### INSTRUCTIONS TO FOLLOW
Once the line containing "excuse my carolo attitude homme" is found in the records below, return it and each following line exactly, up to and including the line containing "gladkaya-muskulatura", and nothing else.

Top of MATERIAL FOR THIS TASK

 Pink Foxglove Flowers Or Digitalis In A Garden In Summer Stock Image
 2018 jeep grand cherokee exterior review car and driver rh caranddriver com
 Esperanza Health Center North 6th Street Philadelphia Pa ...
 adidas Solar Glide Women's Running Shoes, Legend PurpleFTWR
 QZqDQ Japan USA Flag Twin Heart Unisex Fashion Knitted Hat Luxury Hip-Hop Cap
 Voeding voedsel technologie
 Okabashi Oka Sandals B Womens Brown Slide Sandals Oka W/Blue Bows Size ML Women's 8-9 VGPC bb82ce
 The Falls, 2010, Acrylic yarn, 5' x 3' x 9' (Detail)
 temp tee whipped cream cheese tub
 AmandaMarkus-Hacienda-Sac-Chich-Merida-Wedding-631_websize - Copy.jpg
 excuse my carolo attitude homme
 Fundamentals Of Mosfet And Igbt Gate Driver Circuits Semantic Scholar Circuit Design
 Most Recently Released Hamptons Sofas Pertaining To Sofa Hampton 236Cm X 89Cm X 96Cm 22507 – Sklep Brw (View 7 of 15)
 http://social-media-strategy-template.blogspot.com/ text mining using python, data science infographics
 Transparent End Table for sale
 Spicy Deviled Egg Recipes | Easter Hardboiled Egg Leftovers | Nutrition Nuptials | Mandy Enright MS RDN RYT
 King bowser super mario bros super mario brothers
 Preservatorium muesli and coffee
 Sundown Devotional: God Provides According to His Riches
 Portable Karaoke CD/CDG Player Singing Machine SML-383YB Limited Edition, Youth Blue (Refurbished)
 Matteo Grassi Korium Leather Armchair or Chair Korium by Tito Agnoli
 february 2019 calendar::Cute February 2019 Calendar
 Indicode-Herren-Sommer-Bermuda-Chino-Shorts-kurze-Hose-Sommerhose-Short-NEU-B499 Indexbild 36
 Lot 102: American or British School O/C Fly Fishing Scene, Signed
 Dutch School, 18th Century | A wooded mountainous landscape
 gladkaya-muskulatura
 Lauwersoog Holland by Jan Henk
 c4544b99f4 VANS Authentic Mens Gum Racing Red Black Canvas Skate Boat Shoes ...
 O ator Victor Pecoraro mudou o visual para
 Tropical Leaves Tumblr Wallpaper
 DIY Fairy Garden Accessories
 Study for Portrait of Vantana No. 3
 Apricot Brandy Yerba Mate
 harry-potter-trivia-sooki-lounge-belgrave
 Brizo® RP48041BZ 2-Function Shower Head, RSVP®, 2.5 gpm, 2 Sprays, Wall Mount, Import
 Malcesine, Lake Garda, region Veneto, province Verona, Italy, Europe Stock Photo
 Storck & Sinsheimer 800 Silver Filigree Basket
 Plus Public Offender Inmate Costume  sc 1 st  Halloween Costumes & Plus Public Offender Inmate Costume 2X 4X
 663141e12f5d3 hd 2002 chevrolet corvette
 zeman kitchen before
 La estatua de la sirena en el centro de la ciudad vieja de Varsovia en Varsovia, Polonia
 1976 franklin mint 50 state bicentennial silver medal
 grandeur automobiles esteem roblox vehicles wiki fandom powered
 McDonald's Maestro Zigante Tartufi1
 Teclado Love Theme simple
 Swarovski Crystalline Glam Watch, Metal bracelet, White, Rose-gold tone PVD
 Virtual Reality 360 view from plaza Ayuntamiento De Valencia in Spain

Bottom of MATERIAL FOR THIS TASK

### SOLUTION TO THE PROBLEM
 excuse my carolo attitude homme
 Fundamentals Of Mosfet And Igbt Gate Driver Circuits Semantic Scholar Circuit Design
 Most Recently Released Hamptons Sofas Pertaining To Sofa Hampton 236Cm X 89Cm X 96Cm 22507 – Sklep Brw (View 7 of 15)
 http://social-media-strategy-template.blogspot.com/ text mining using python, data science infographics
 Transparent End Table for sale
 Spicy Deviled Egg Recipes | Easter Hardboiled Egg Leftovers | Nutrition Nuptials | Mandy Enright MS RDN RYT
 King bowser super mario bros super mario brothers
 Preservatorium muesli and coffee
 Sundown Devotional: God Provides According to His Riches
 Portable Karaoke CD/CDG Player Singing Machine SML-383YB Limited Edition, Youth Blue (Refurbished)
 Matteo Grassi Korium Leather Armchair or Chair Korium by Tito Agnoli
 february 2019 calendar::Cute February 2019 Calendar
 Indicode-Herren-Sommer-Bermuda-Chino-Shorts-kurze-Hose-Sommerhose-Short-NEU-B499 Indexbild 36
 Lot 102: American or British School O/C Fly Fishing Scene, Signed
 Dutch School, 18th Century | A wooded mountainous landscape
 gladkaya-muskulatura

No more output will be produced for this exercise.